Top of Dataset records

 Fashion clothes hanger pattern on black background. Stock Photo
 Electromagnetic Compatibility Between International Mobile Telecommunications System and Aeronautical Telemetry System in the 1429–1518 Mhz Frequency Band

Bottom of Dataset records
Top of Dataset records

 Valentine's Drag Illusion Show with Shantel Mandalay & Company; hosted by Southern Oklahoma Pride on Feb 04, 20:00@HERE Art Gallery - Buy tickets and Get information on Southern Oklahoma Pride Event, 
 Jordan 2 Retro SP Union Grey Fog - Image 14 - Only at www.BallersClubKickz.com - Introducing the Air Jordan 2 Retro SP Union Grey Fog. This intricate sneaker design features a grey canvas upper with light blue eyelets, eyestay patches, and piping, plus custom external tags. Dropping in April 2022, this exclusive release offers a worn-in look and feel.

Bottom of Dataset records

--- Work required ---
Using only the listing above, restate exactly the lines from the line containing "Fashion clothes hanger" through the line containing "Electromagnetic Compatibility Between", both included.

--- Response to this task ---
 Fashion clothes hanger pattern on black background. Stock Photo
 Electromagnetic Compatibility Between International Mobile Telecommunications System and Aeronautical Telemetry System in the 1429–1518 Mhz Frequency Band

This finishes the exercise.